Лежать под розгами было все труднее: прутья хлестали по уже исполосованным двадцатью пятью ударами половинкам, тем более, что мужик входил в раж и стегал все сильнее и сильнее. Прикусив губы, Аленка начала извиваться и резко напрягать ноги. Все чаще вскидывала голову, размашисто бросая в сторону волну волос. Но руки не отпускала и дергалась не настолько сильно, чтобы вызвать довольное восклицание Матвеича: мол, привязывать надо...
Начала про себя считать удары – сбилась. Снова начала – дернулась от боли, сбилась... Откуда-то со стороны, кроме злобного свиста розги, доносился глухой звук, похожий на мычание. И вдруг поняла – это же она сама – негромко, сдавленно, едва слышно, но все-таки начала стонать.
Сильнее закусила губы, сильнее прижала бедра к лавке и упрямо задавила в себе стоны: "Терпи, Ленка". Еще сильнее прижалась к твердым доскам, и вдруг поняла – тишина. Нет ни ее стонов, ни...
Да, уже и не свистит прут! Господи, неужели кончилось? Но почему же так больно, так полыхает огнем попа? Наверное, там уже все располосовано вкровь?
Ей казалось, что горячая кровь течет по горящему голому телу. Но прутья в руках опытного Матвеича, плотно впиваясь в тело, не рассекали кожу, а оставляли тугие вспухшие рубцы. Это было еще мучительнее – но бедра девушки лишь в двух-трех местах алели капельками крови.
– Вставай, негодница! – не то разрешил, не то приказал Матвеич.
Тетка было кинулась услужливо собрать истрепанные прутья, но мужик остановил ее:
– Сама подберет. Ну, девка, чего отдыхать улеглась? Убирай лозу да кланяйся...
Прикусив губу, Аленка поднялась на руках, опираясь на лавку.
Медленно встала, ощущая боль исхлестанного тела. Терпеть можно... Наклонилась, сдержав стон, собрала с пола брошенные у лавки прутья.
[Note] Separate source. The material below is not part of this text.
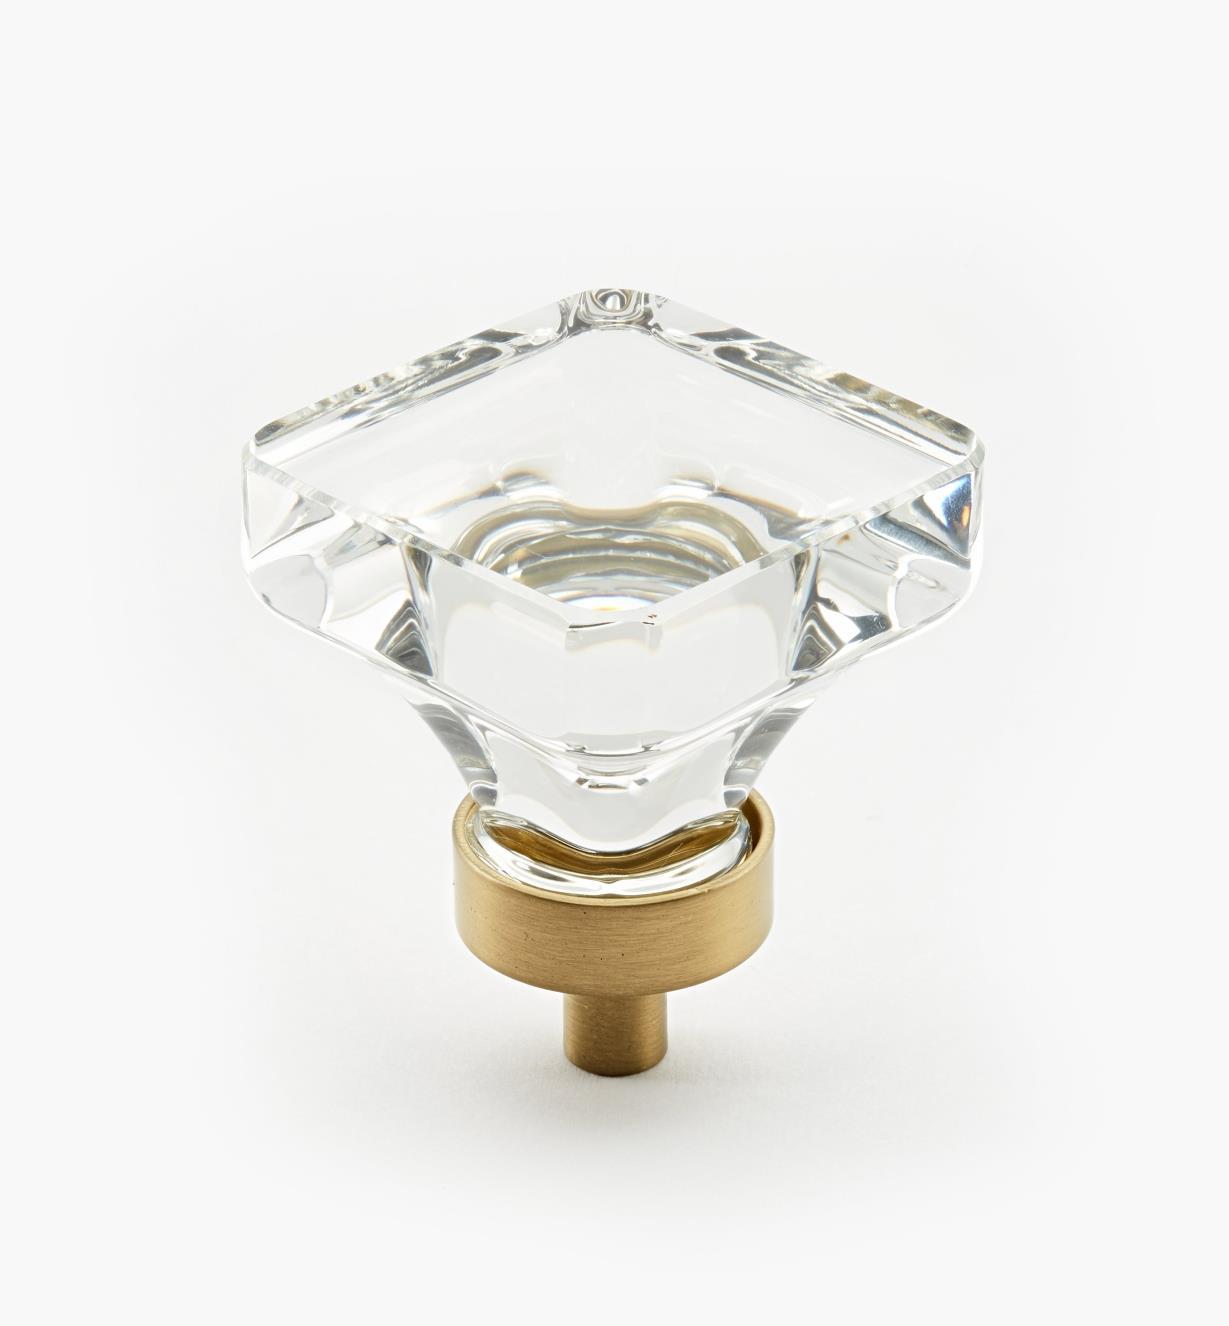 02A0544 - Bouton carré Glacio, champagne, 13/4pox 15/16po, l'unité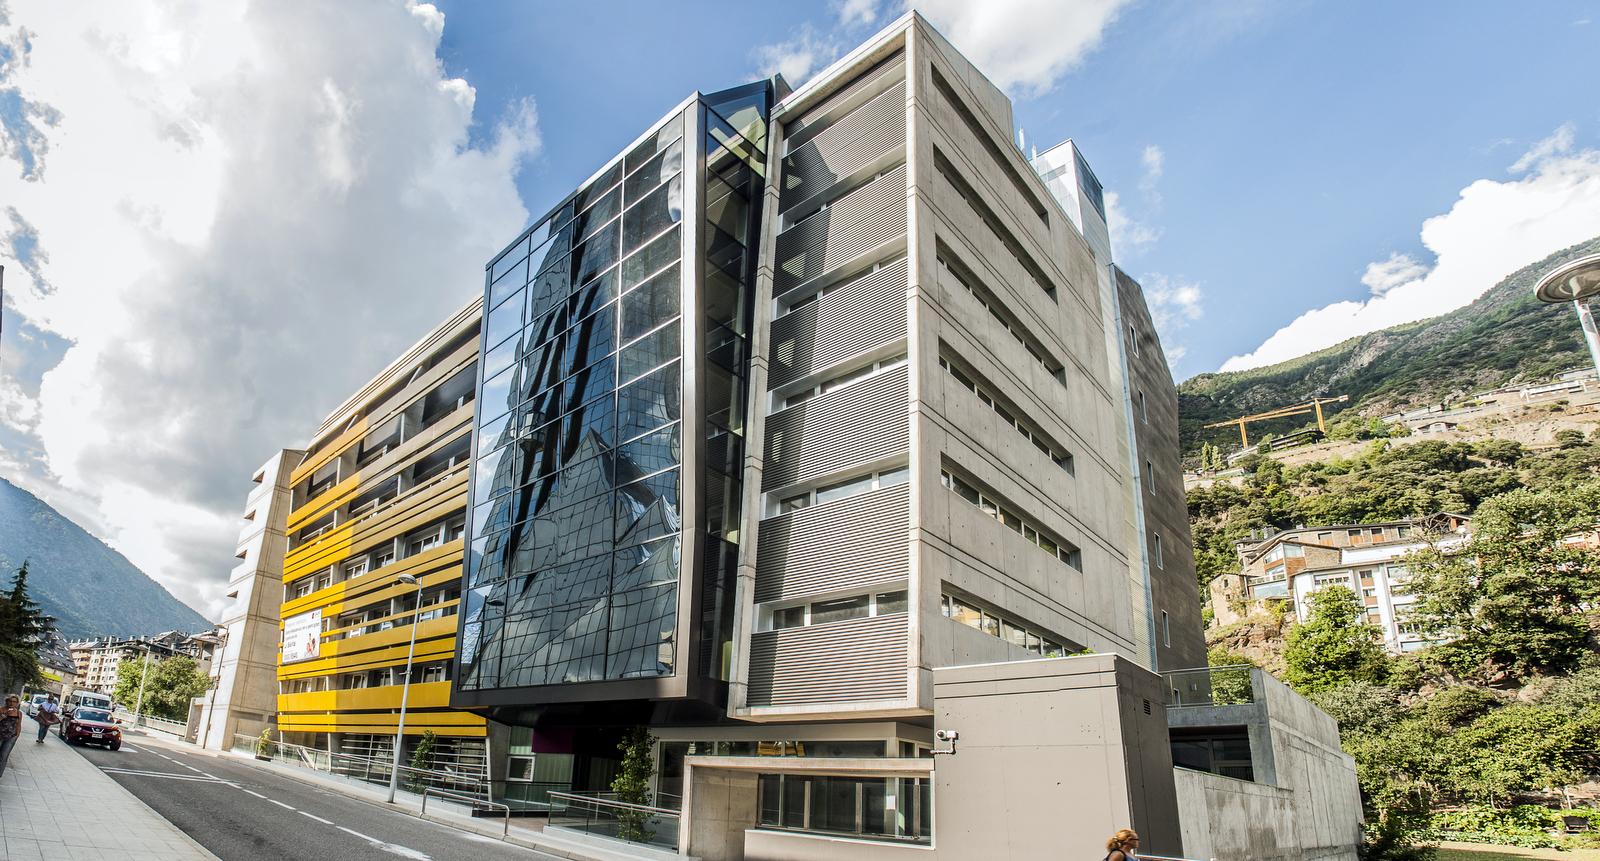 Nova Constructora és el proveïdor de personal subcontractat per a les empreses Constructores de més prestigi i reconeixement del Principat d'Andorra. En els darrers anys, les grans empreses del sector de la construcció d'ANDORRA li han dipositat la seva confiança. Nova Constructora Andorra proporciona personal altament qualificat i especialitzat amb un alt nivell de formació en cadascuna de les especialitats del ram de la construcció. I són posseïdors de totes les titulacions atorgades o requerides pel Govern d'Andorra. Nova Constructora disposa de personal específic per a treballs de paleta, encofrador, ferrer, pedrer, gruistes, plaquista, caps d'equip... Nova Constructora pot satisfer les necessitats professionals de qualsevol iniciativa constructiva per complexa que sigui. La direcció de Nova Constructora Andorra està compromesa amb un alt nivell d'exigència per a lliurar els millors acabats de manera impecable. L'objectiu de l'empresa és evolucionar contínuament de manera que el contractista continuï dipositant la seva confiança amb la garantia que els treballs seran executats de manera acurada.

Повернулась к Матвеичу и низко, в ноги, поклонилась ему, проговорив заученную фразу:
– Спасибо за розгу, батюшка...
Выпрямилась, тут же плотно прикрыв руками низ живота. Крепкие груди жадно звали темными сосками, но взгляд девушки исподлобья был упрям: дескать, не взяла еще твоя...
Также, взглядом, ответил Матвеич: "Погоди, девка..."
С деланным равнодушием отвернулся, велел тетке:
– Неси-ка с сеней веревок.
– Зачем? – чуточку охрипшим голосом спросила девушка. – Я же не закрывалась и не дергалась! Зачем вязать-то?
Матвеич рыкнул:
– Ты знай, иди молись! Я сам погляжу, вязать, аль не вязать...
Убрав с лица рассыпавшиеся волосы, Аленка опустилась на колени под иконами. Молилась долго, повторяя одно и то же: какая-никакая, а передышка!
Тетка угодливо приняла из рук хозяина стакан с самогонкой.
Осторожно зажевала хлебушком, залебезила:
– Ой, спасибо тебе, батюшка! Без мужика, без отца-матери ращу девку-то! Сам знашь, каково оно... И уж порота она немало, и в погреб голышом саживала, а все одно напроказит! Ты уж построжей, построжей пори девку...
– Оно бы и плетей не помешало... – раздумчиво проговорил хозяин.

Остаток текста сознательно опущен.